* [To do]
From the data below, set down exactly the lines between the one holding "Sunflower Yellow Prom" and the one holding "17 Genial Kleider", inclusive, and no others.

* [Data to use]
━━━━

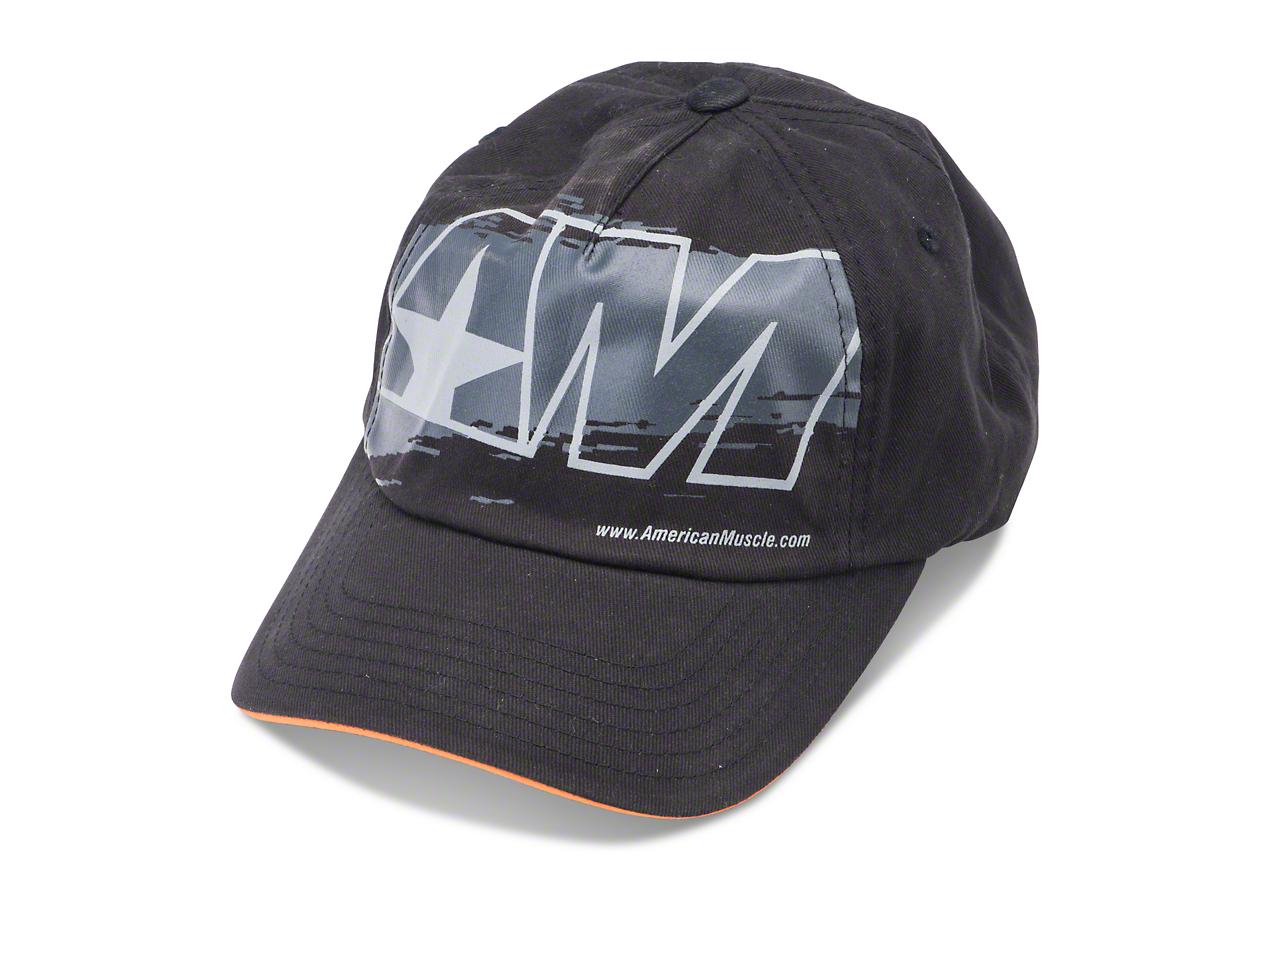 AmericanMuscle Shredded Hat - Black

━━━━

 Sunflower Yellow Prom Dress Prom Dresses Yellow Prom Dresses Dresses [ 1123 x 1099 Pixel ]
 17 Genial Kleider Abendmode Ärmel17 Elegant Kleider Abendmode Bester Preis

━━━━

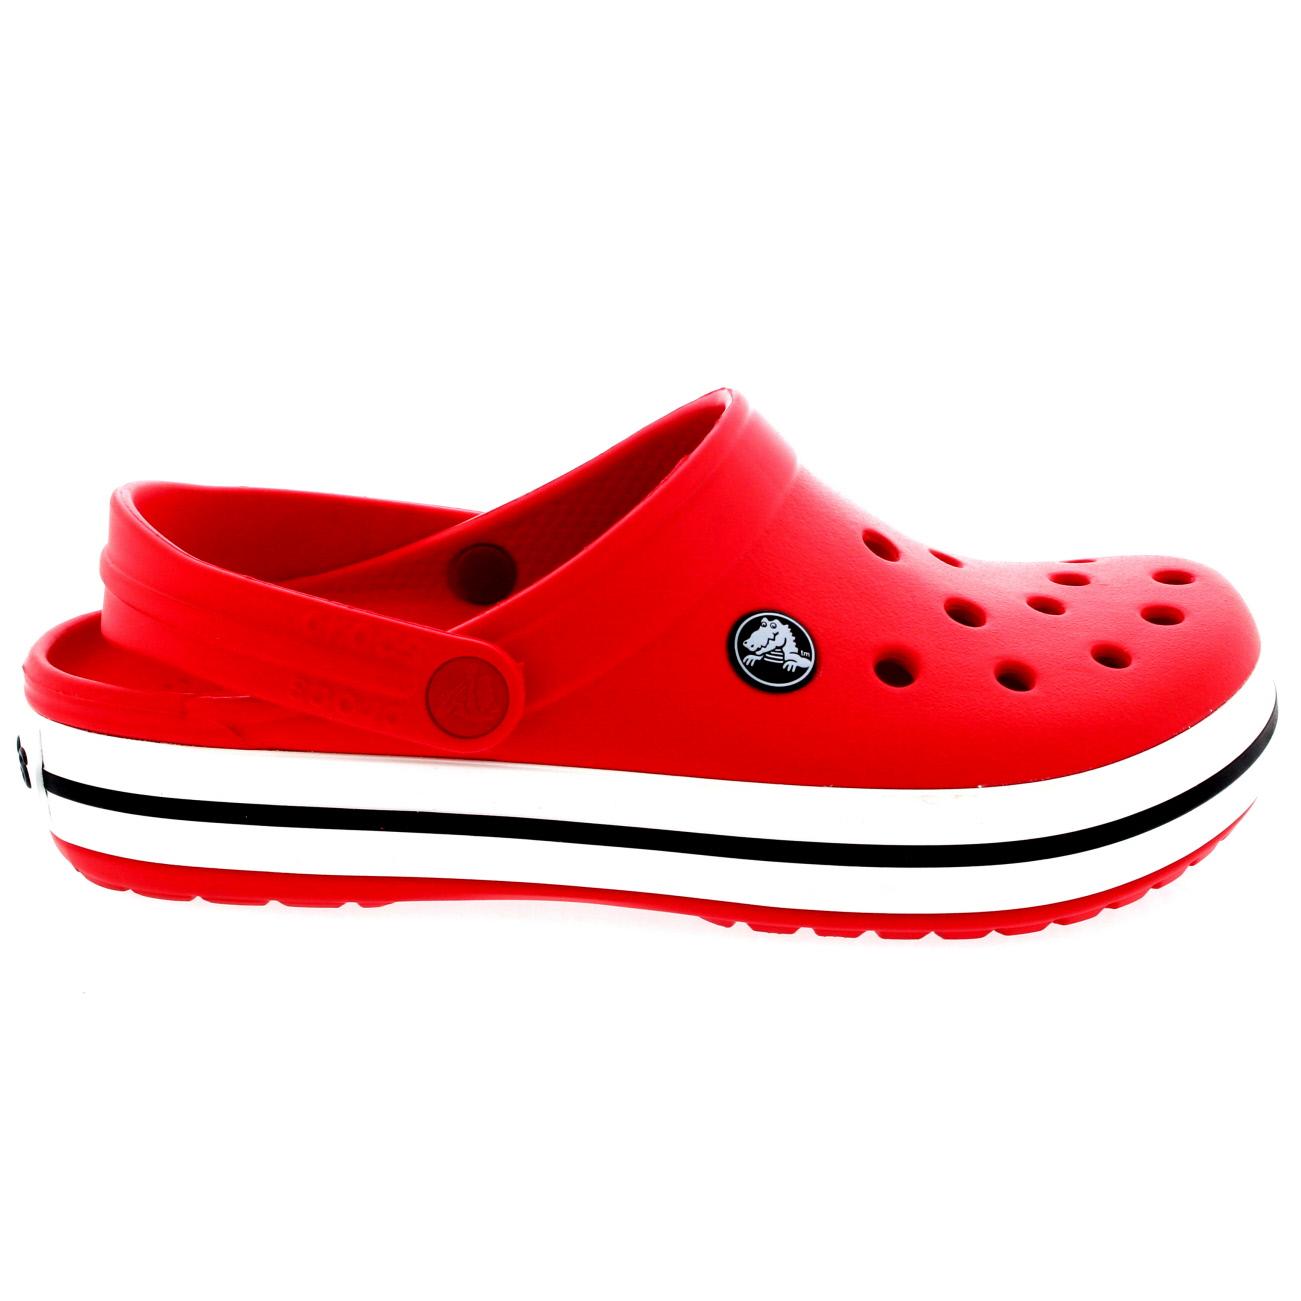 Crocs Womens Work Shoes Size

━━━━

* [Task result]
 Sunflower Yellow Prom Dress Prom Dresses Yellow Prom Dresses Dresses [ 1123 x 1099 Pixel ]
 17 Genial Kleider Abendmode Ärmel17 Elegant Kleider Abendmode Bester Preis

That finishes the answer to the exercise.